Stored entries
================================

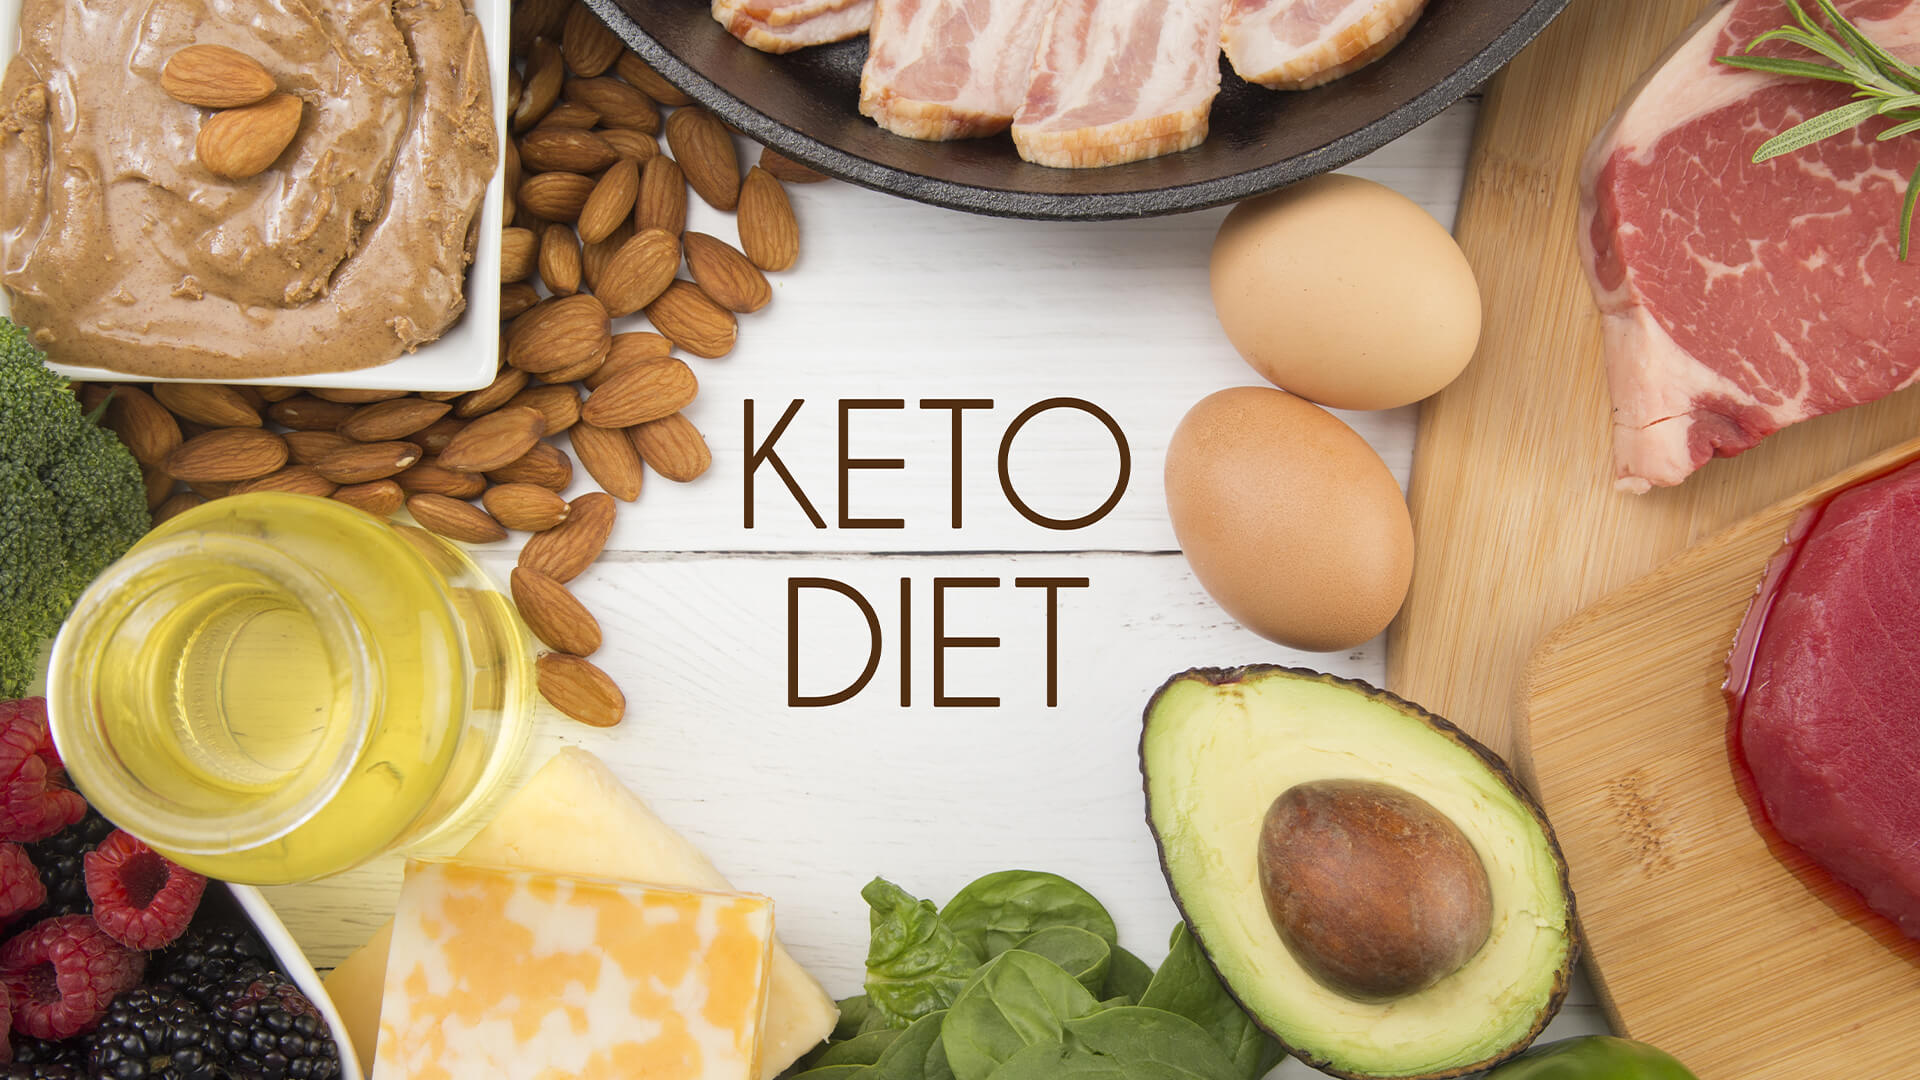 Five Things You May Not Know About the Keto Diet by Dr Michael Mosley - GHP  News
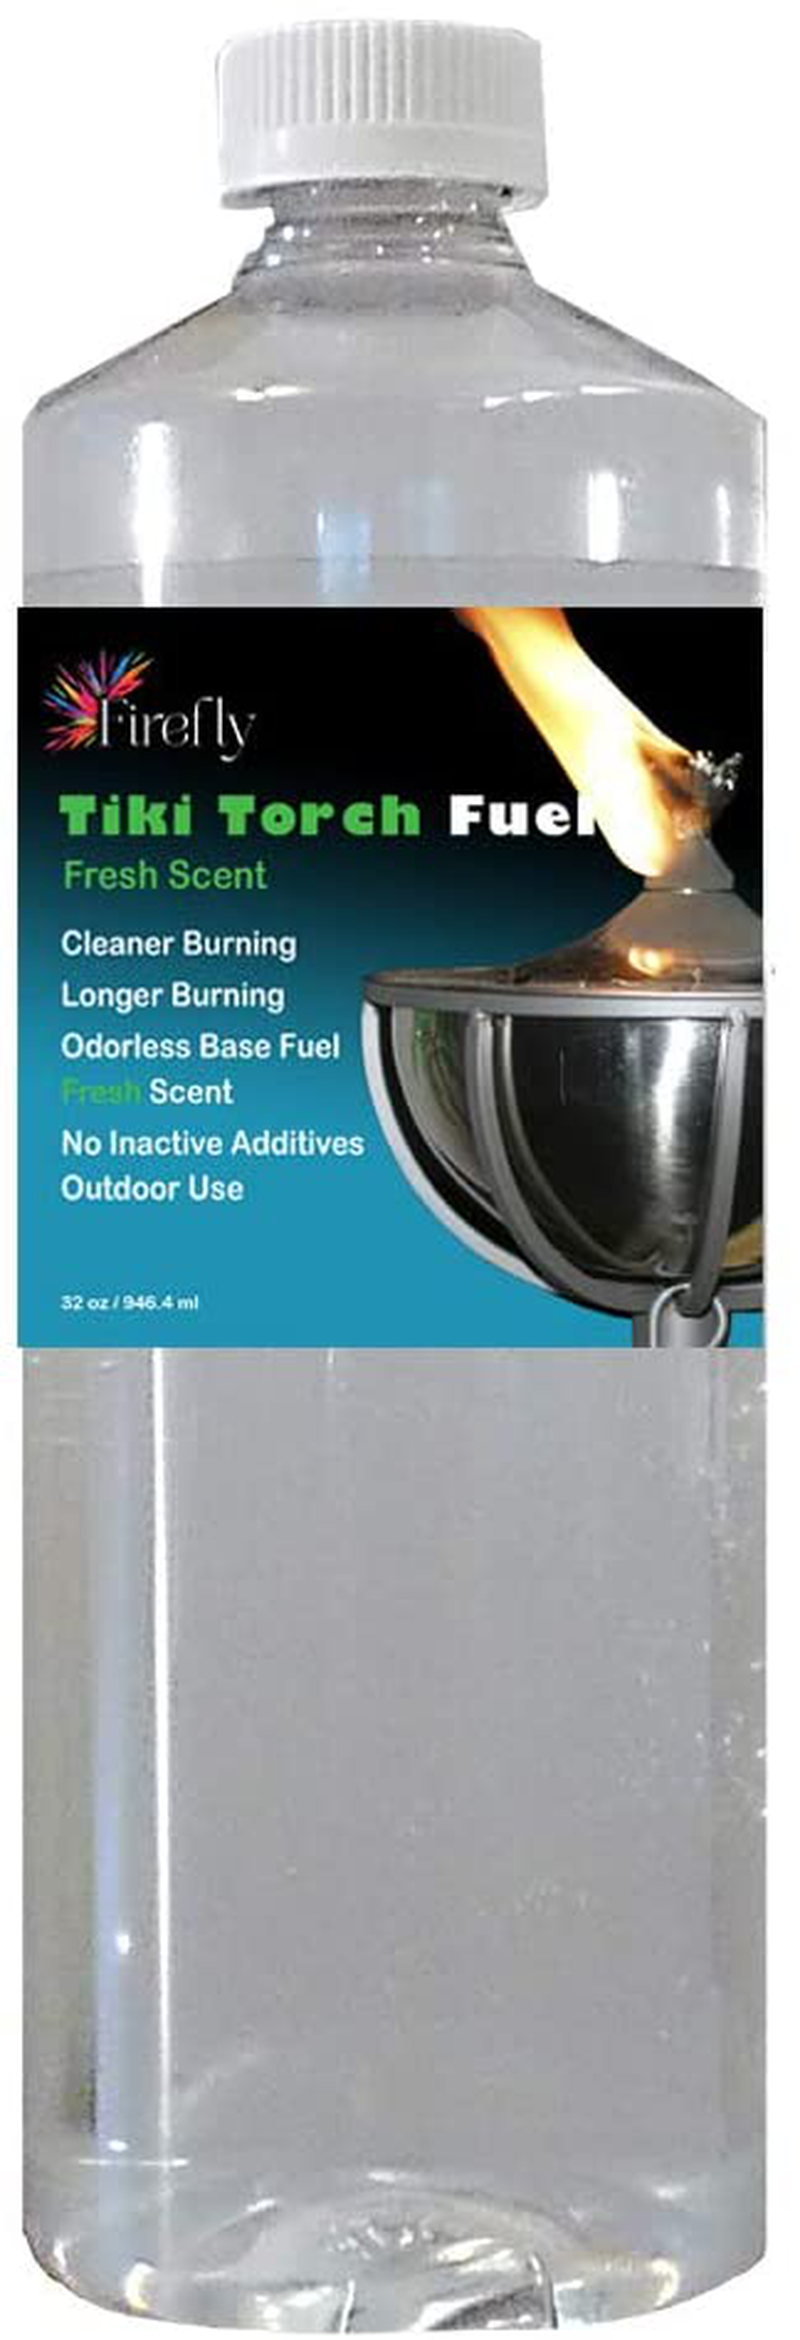 Firefly Bulk Fresh Eucalyptus Scent Tiki Torch Fuel - Significantly Longer Burn - Odorless - Less Smoke - Gold Standard - 5 Gallons Home & Garden > Lighting Accessories > Oil Lamp Fuel Firefly 32 Ounces  
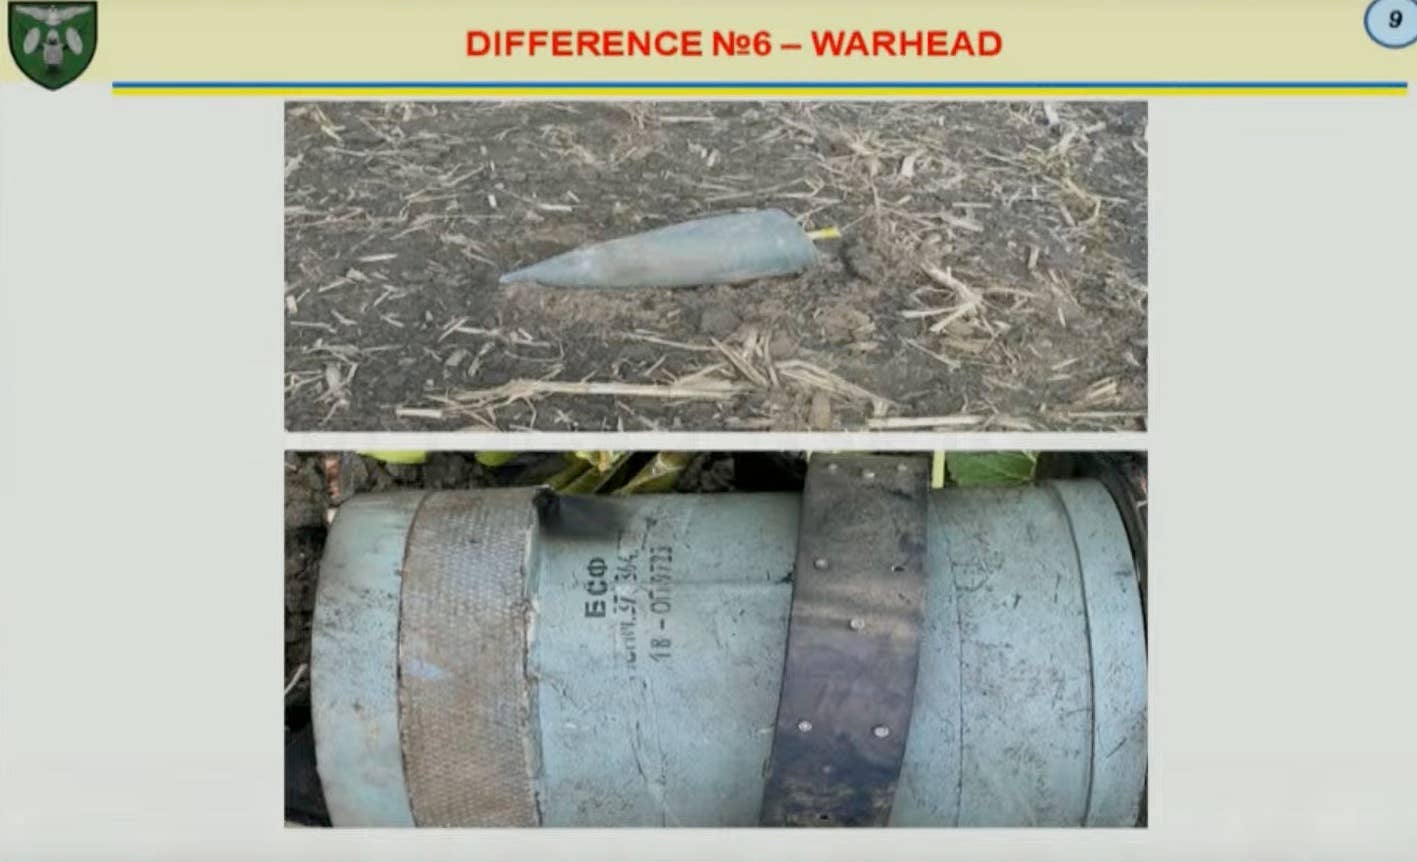 The new Shahed-136 drones have a warhead packed with tungsten balls, according to Ukraine. (Ukrainian Military Media Center screencap)
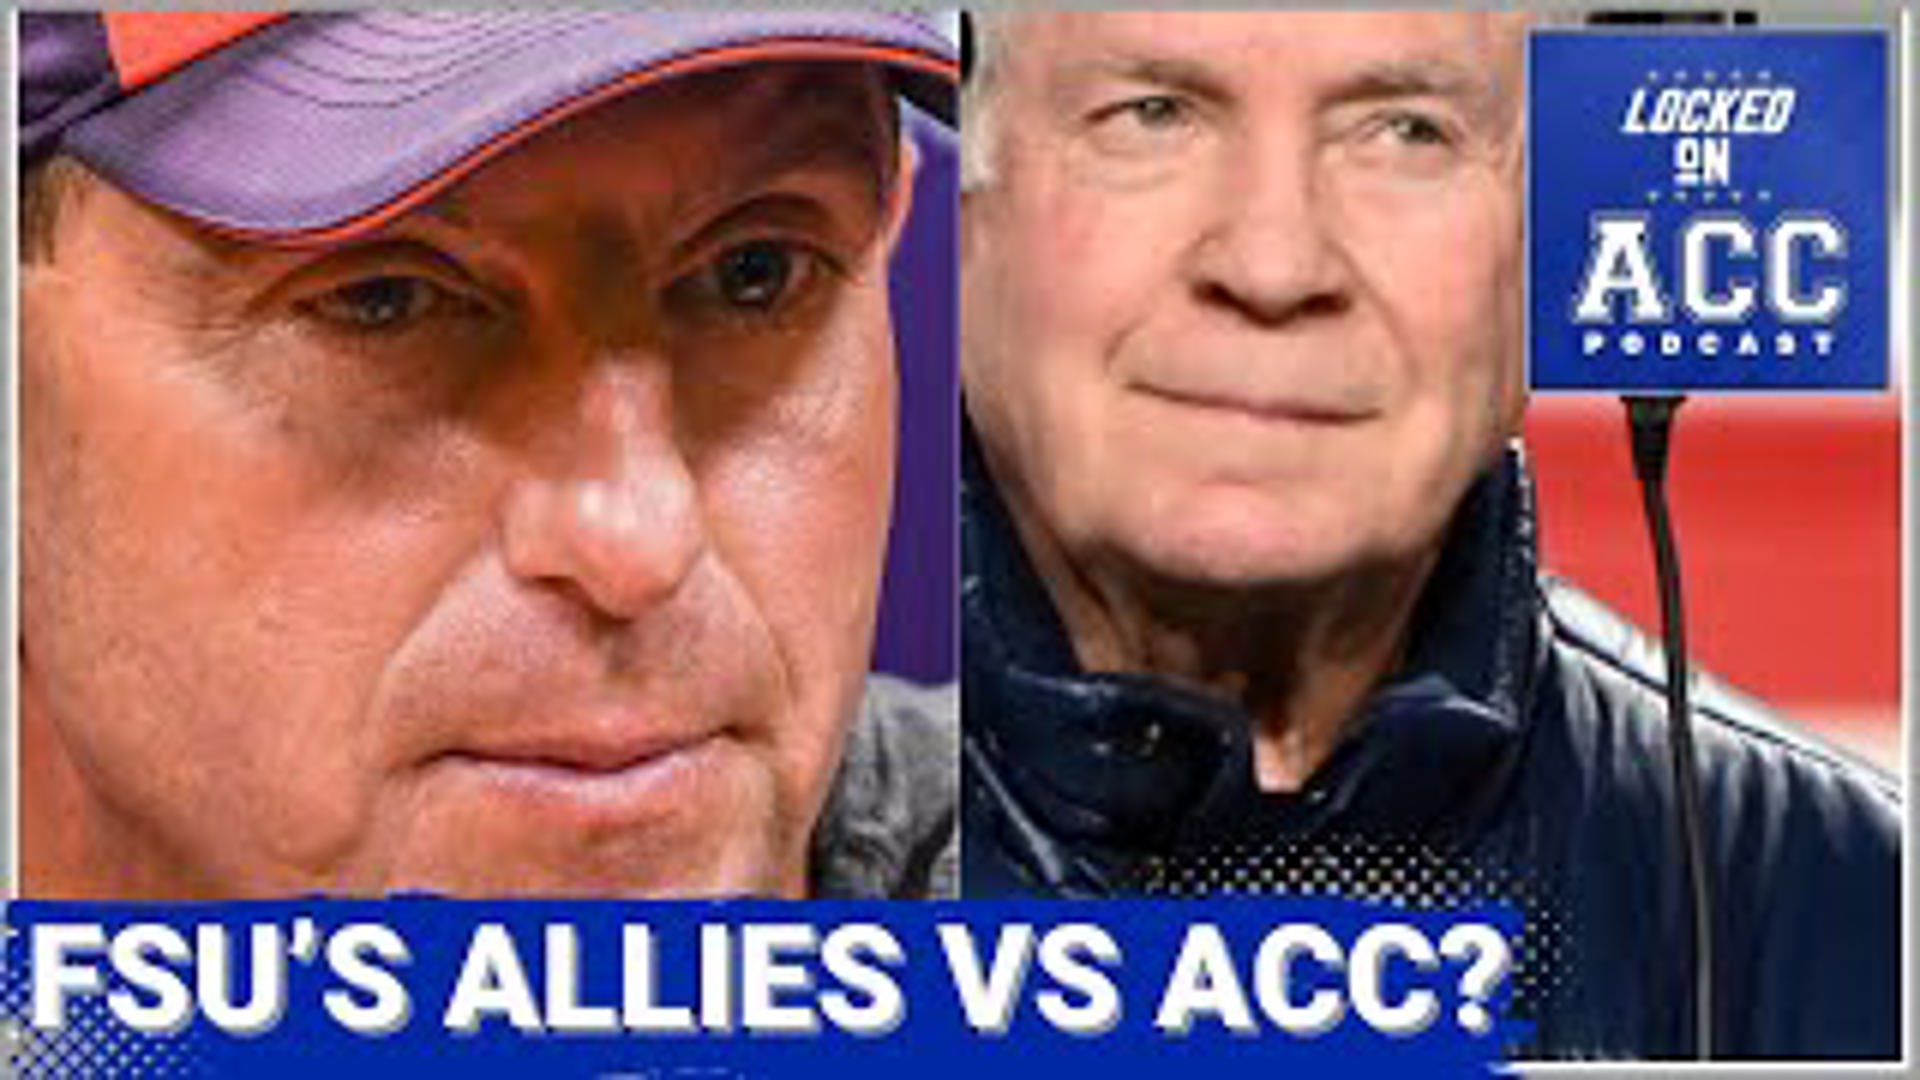 The Tampa Bay Times has revealed which ACC schools did not attend the meeting to vote on suing Florida State University.
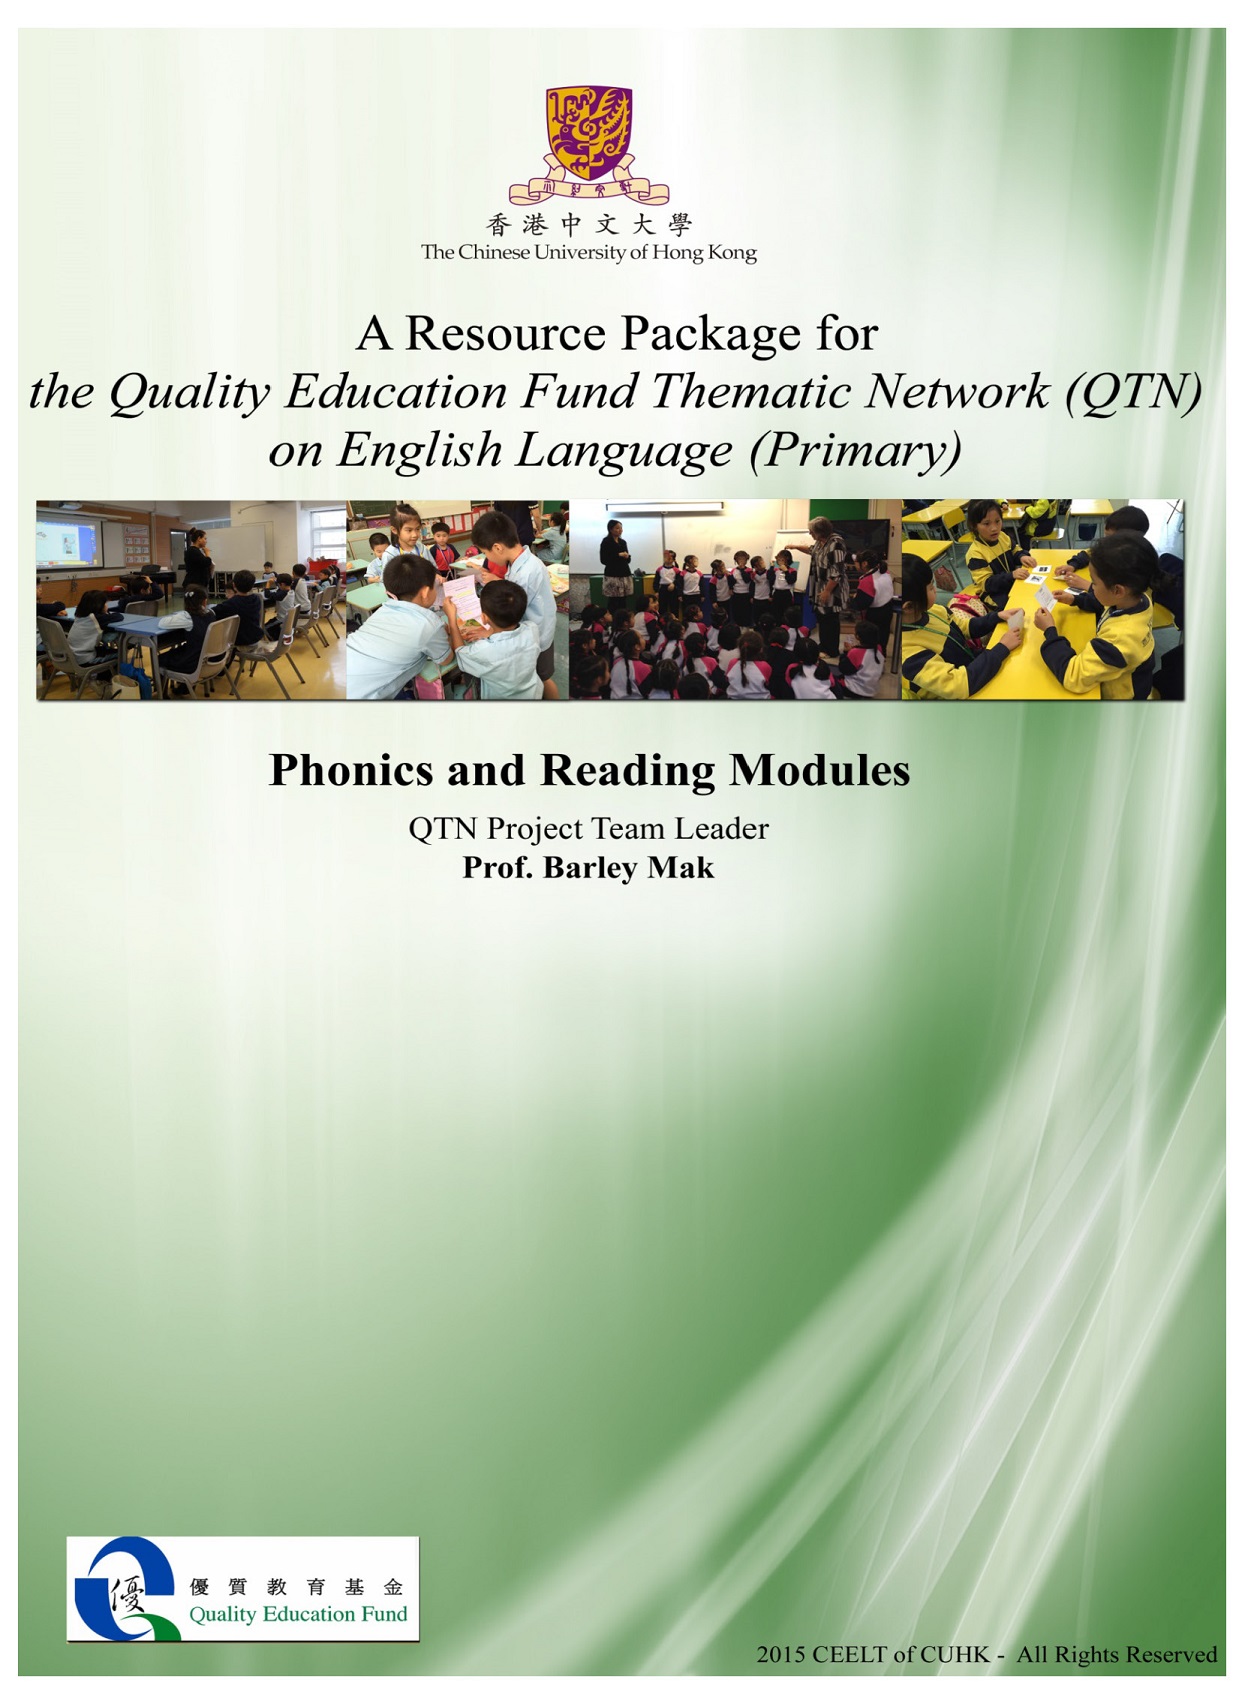 A Resource Package for Quality Education Fund - Thematic Network (QTN) on English Language (Primary): Phonics and Reading Modules

================================

Word for word and without pictures, please write out only the lines from the start of the entries through the line containing "The new Shahed-136", both included.

 Five Things You May Not Know About the Keto Diet by Dr Michael Mosley - GHP  News
 Firefly Bulk Fresh Eucalyptus Scent Tiki Torch Fuel - Significantly Longer Burn - Odorless - Less Smoke - Gold Standard - 5 Gallons Home & Garden > Lighting Accessories > Oil Lamp Fuel Firefly 32 Ounces  
 The new Shahed-136 drones have a warhead packed with tungsten balls, according to Ukraine. (Ukrainian Military Media Center screencap)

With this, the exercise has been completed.